Kynn Jones kynnjo at gmail.com
Fri Sep 30 16:36:12 CEST 2016

I'm collaborating in a long-running research project that, over the
years, has accummulated source code (written in-house) in several
languages: Python, Perl, Mathematica, MATLAB.

Recently I have started writing source code in R for this project, and
I am having trouble incorporating it into our established work flow.

Our code falls into two broad categories: "scripts" (invoked directly
by the user) and "libraries" (invoked by "client code", i.e. scripts
or other library code).

The library code lives under the top-level subdirectory ./lib of the
git-controlled project directory.  (We keep all our code, along with
the rest of the project's documents, under git control.)
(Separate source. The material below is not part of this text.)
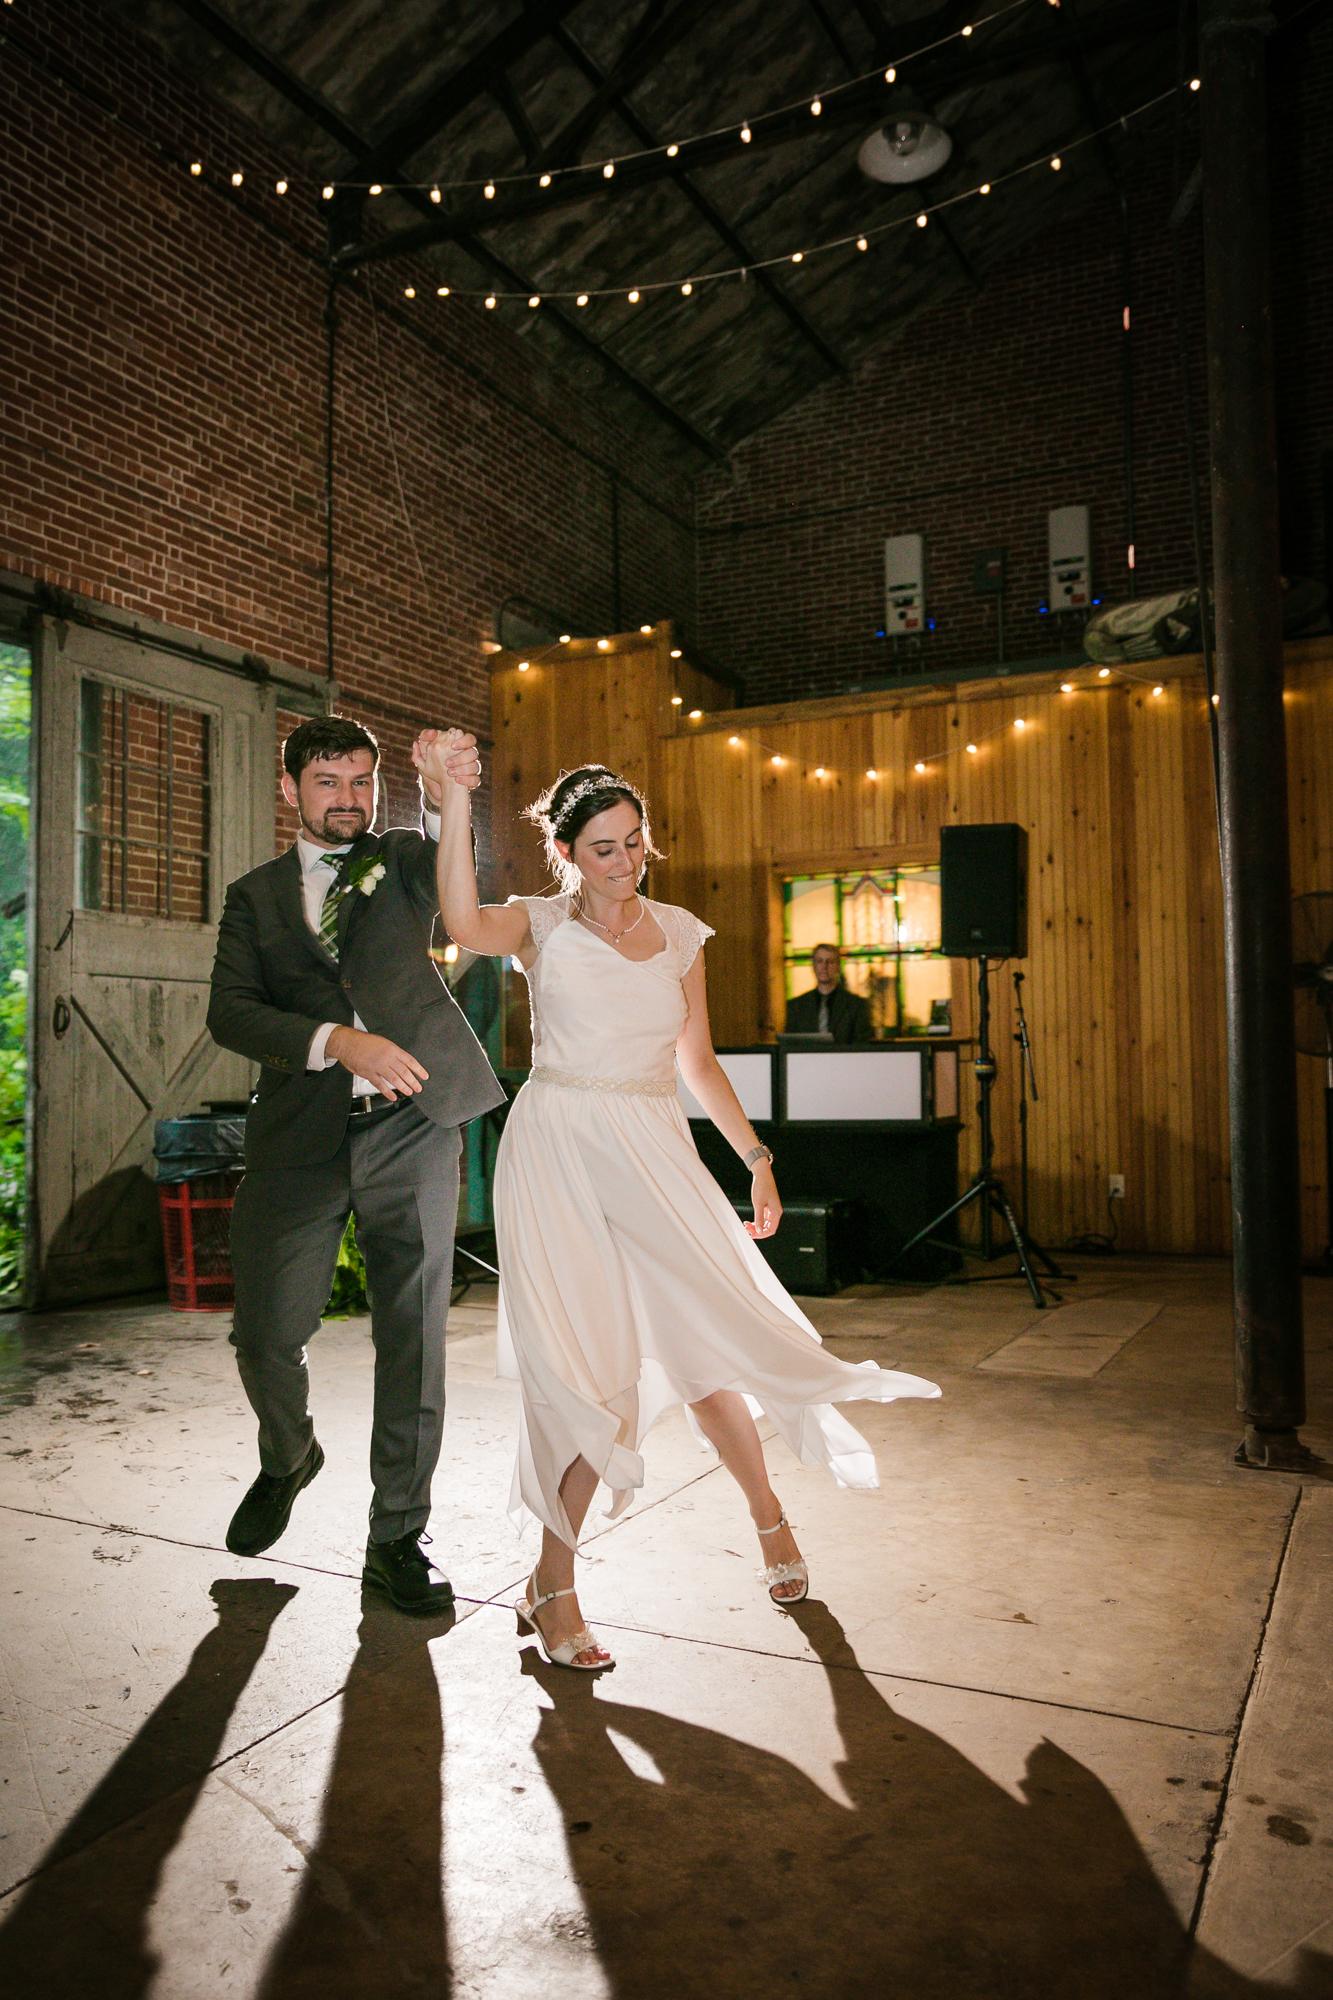 BETH AND MIKE - THE PUMP HOUSE - WEDDING PHOTOS-612.jpg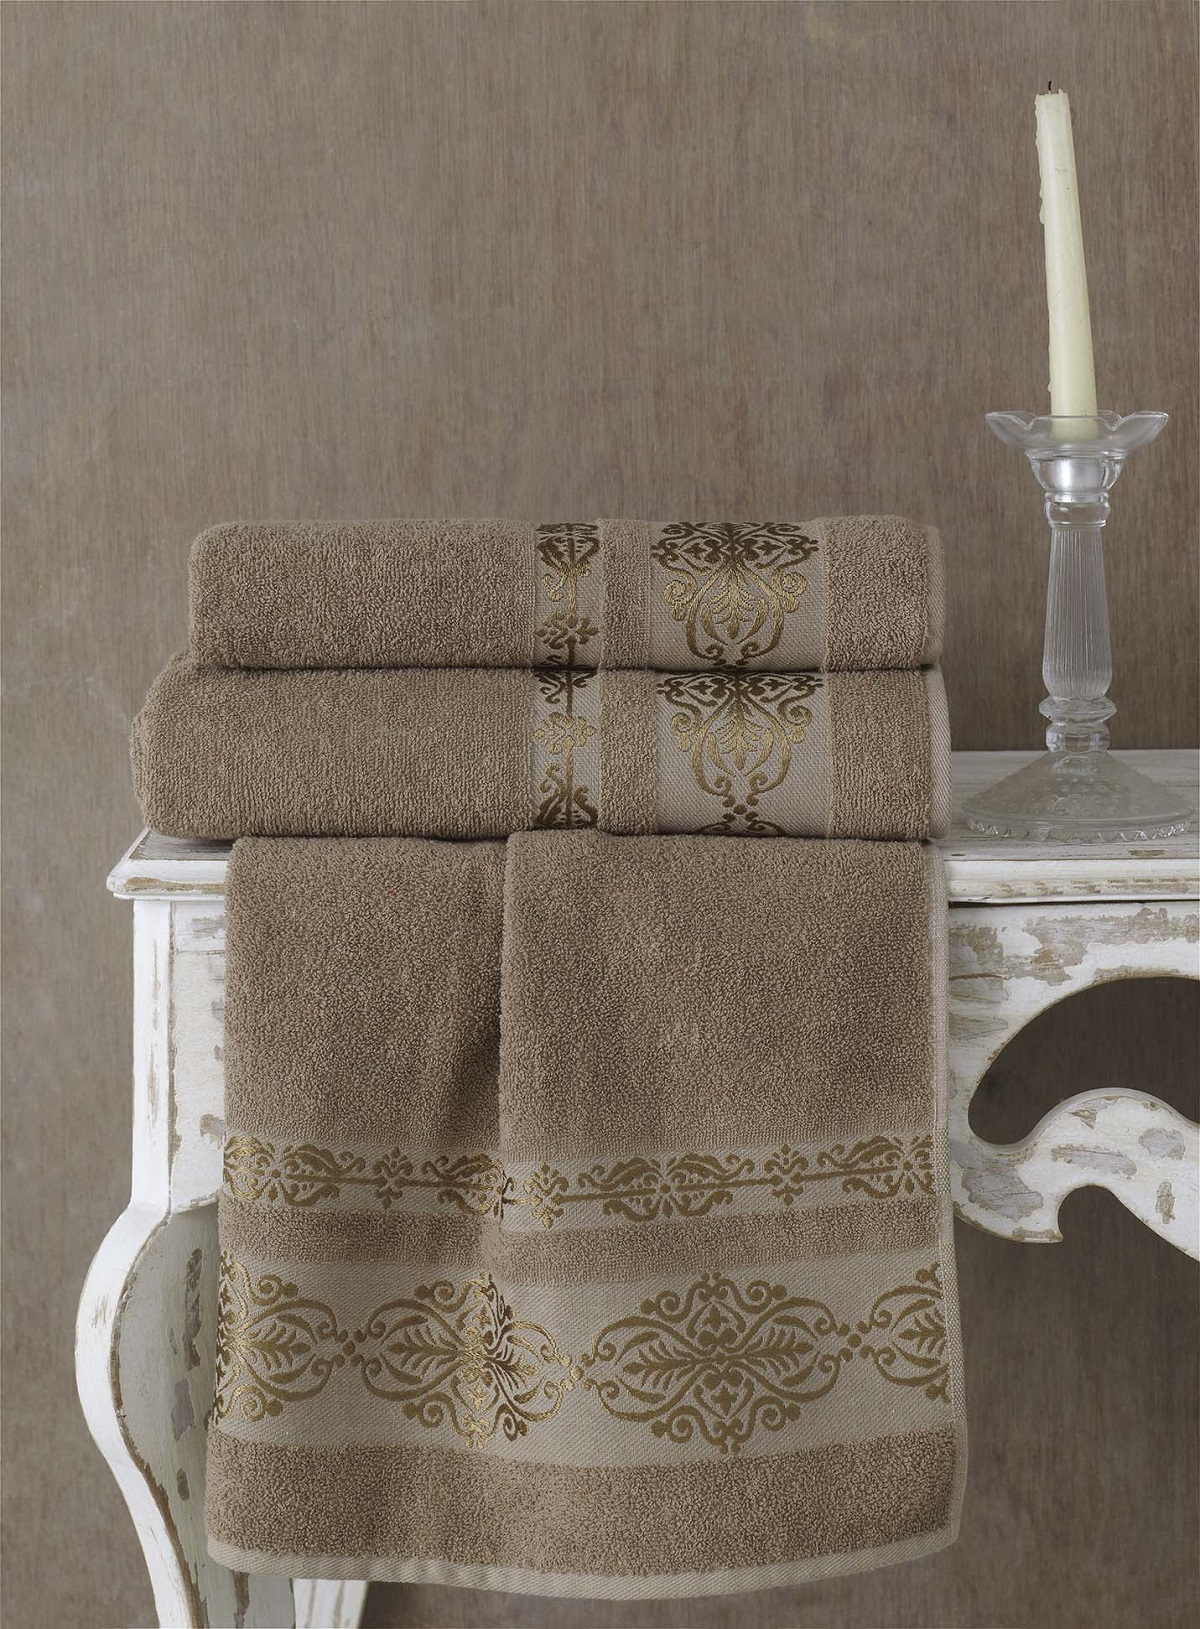 Полотенца Karna Полотенце Rebeka Цвет: Кофейный (70х140 см) полотенца karna полотенце iteka цвет коричневый 70х140 см

Users of client programs of the code under ./lib are expected to
supply (usually via some global configuration) the appropriate library
path (.e.g PYTHONPATH=$PROJECTDIR/lib/python,

With this arrangement, code re-use is extremely simple.  For example,
by just dropping into the ./lib/python directory the file foo.py, with

    # foo.py
    def bar():
        # etc.

...its bar function becomes *immediately* available, in a
namespace-safe way, to any other python code in the project, like

    # somescript.py

    import foo


I describe this form of code re-use as "zero-overhead", since it
requires only the presence of files that actually hold the code.

Under such a code re-use scheme, updates of library code from the
project's git repo are no different from updates of the project's
content in general.  All that is required is running a command like

    git pull origin master

After such a command, the updated library code becomes immediately
available to client code.

Although I used Python for the example above, the picture is very
similar for the other languages we have been using up to now.

For R, however, the situation is different.  The only form of code
re-use I have found for R is through packages.  AFAICT, R packages are
not "zero-overhead": they entail a host of "meta" and derived files
(in addition to the source code files), together with
build/installation steps after each update.

I'm looking for an alternative to packages for code re-use in R, one
that better approximates the "zero-overhead" code re-use model
described earlier.

The only thing that comes to mind is as follows:

  1. a "module" is an *.R file in the directory specified a suitable
environment variable (e.g. PROJECT_R_LIB), and defining a single
"module object", which is simply a named list.  For example,

    # module foo.R

    foo <- list(
      bar = function (...) ... ,
      baz = function (...) ... ,
      frobozz = function (...) ... ,
      opts = list(...),

  2. every *.R file starts with boilerplate in the spirit of the
following (along with adequate error checking/messages, etc.):

    # somescript.R

    import <- function (module_name) {
      path_to_lib <- Sys.getenv("PROJECT_R_LIB")
      path_to_module <- file.path(path_to_lib, paste0(module_name, ".R"))


    if (foo$opts$frobnicate) foo$frobozz(...)

This implementation is very crude (I have very little experience with
R), but I hope it at least conveys clearly what I'm after.

I would appreciate any suggestions/comments on how to implement in R
the "zero-overhead" code re-use model I described earlier.